The cell wall is one of the structural key players regulating pollen tube growth, since plant cell expansion depends on an interplay between intracellular driving forces and the controlled yielding of the cell wall. Pectin is the main cell wall component at the growing pollen tube apex. We therefore assessed its role in pollen tube growth and cytomechanics using the enzymes pectinase and pectin methyl esterase (PME). Pectinase activity was able to stimulate pollen germination and tube growth at moderate concentrations whereas higher concentrations caused apical swelling or bursting in Solanum chacoense Bitt. pollen tubes. This is consistent with a modification of the physical properties of the cell wall affecting its extensibility and thus the growth rate, as well as its capacity to withstand turgor. To prove that the enzyme-induced effects were due to the altered cell wall mechanics, we subjected pollen tubes to micro-indentation experiments. We observed that cellular stiffness was reduced and visco-elasticity increased in the presence of pectinase. These are the first mechanical data that confirm the influence of the amount of pectins in the pollen tube cell wall on the physical parameters characterizing overall cellular architecture. Cytomechanical data were also obtained to analyze the role of the degree of pectin methyl-esterification, which is known to exhibit a gradient along the pollen tube axis.
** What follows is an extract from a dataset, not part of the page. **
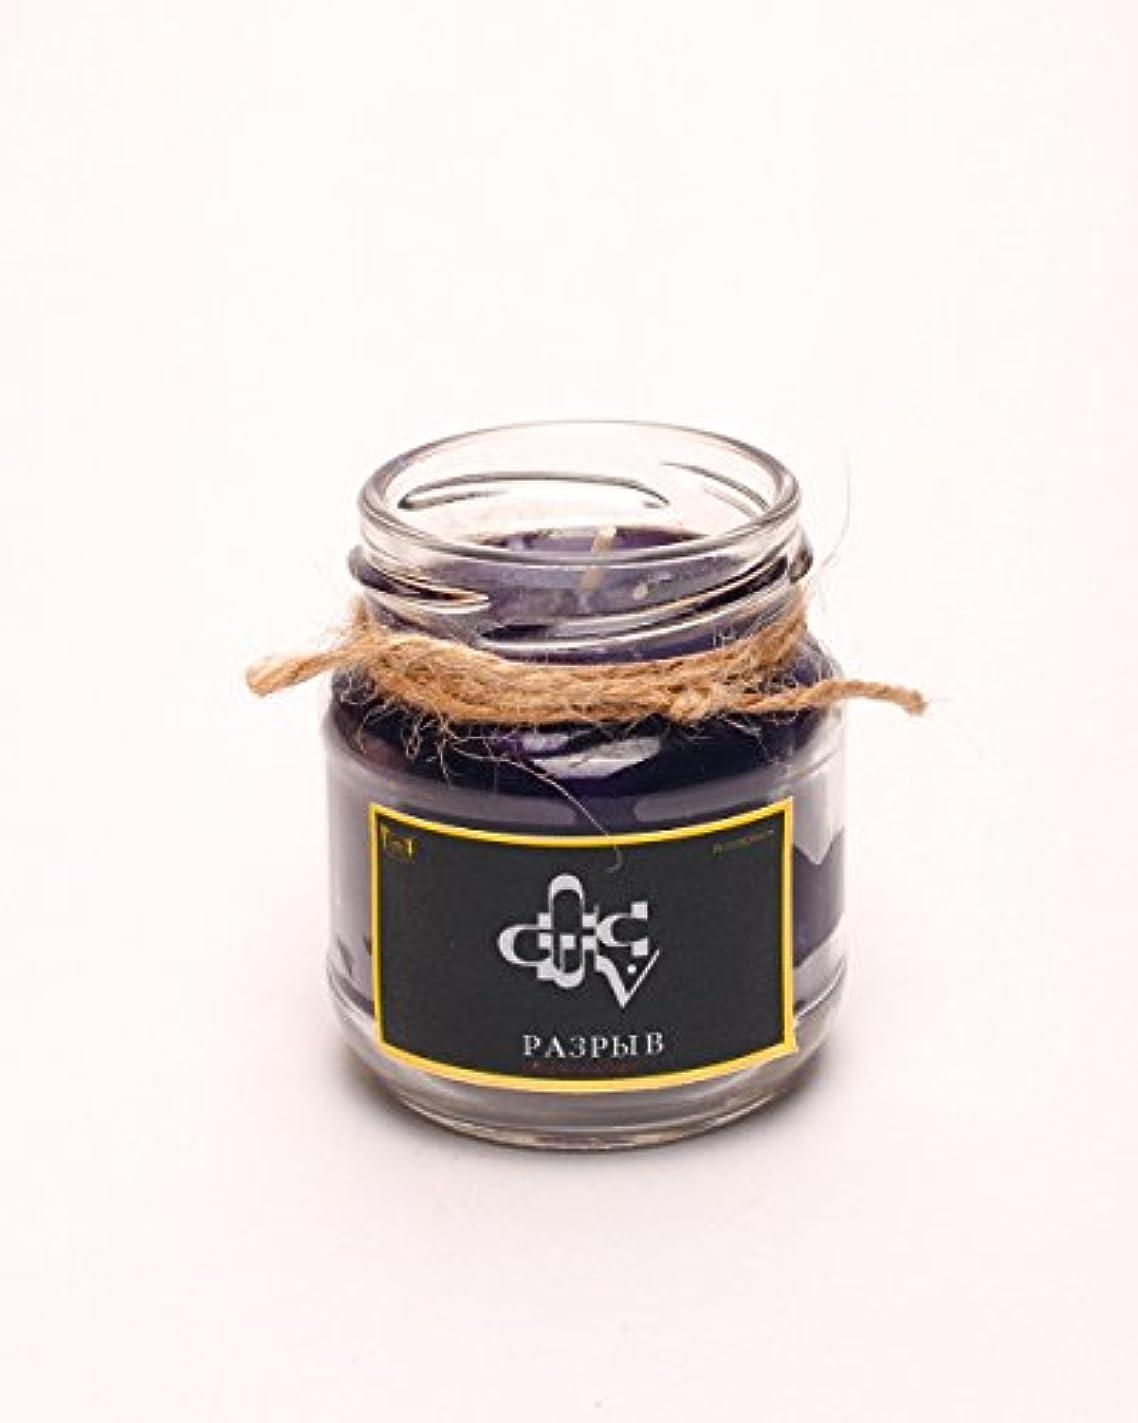 絡み合い連想クリーナーBreak candle-talisman Wicca Pagan

This feature has frequently been suggested to result in a gradient of the physical properties characterizing the cell wall and our data provide, for the first time, mechanical support for this concept. The gradient in cell wall composition from apical esterified to distal de-esterified pectins seems to be correlated with an increase in the degree of cell wall rigidity and a decrease of visco-elasticity. Our mechanical approach provides new insights concerning the mechanics of pollen tube growth and the architecture of living plant cells.

More than a leak sealant. The mechanical properties of callose in pollen tubes.

While callose is a well-known permeability barrier and leak sealant in plant cells, it is largely unknown whether this cell wall polymer can also serve as a load-bearing structure. Since callose occurs in exceptionally large amounts in pollen, we assessed its role for resisting tension and compression stress in this cell. The effect of callose digestion in Solanum chacoense and Lilium orientalis pollen grains demonstrated that, depending on the species, this cell wall polymer represents a major stress-bearing structure at the aperture area of germinating grains. In the pollen tube, it is involved in cell wall resistance to circumferential tension stress, and despite its absence at the growing apex, callose is indirectly involved in the establishment of tension stress resistance in this area. To investigate whether or not callose is able to provide mechanical resistance against compression stress, we subjected pollen tubes to local deformation by microindentation. The data revealed that lowering the amount of callose resulted in reduced cellular stiffness and increased viscoelasticity, thus indicating clearly that callose is able to resist compression stress. Whether this function is relevant for pollen tube mechanics, however, is unclear, as stiffened growth medium caused a decrease in callose deposition. Together, our data provide clear evidence for the capacity of cell wall callose to resist tension and compression stress, thus demonstrating that this amorphous cell wall substance can have a mechanical role in growing plant cells.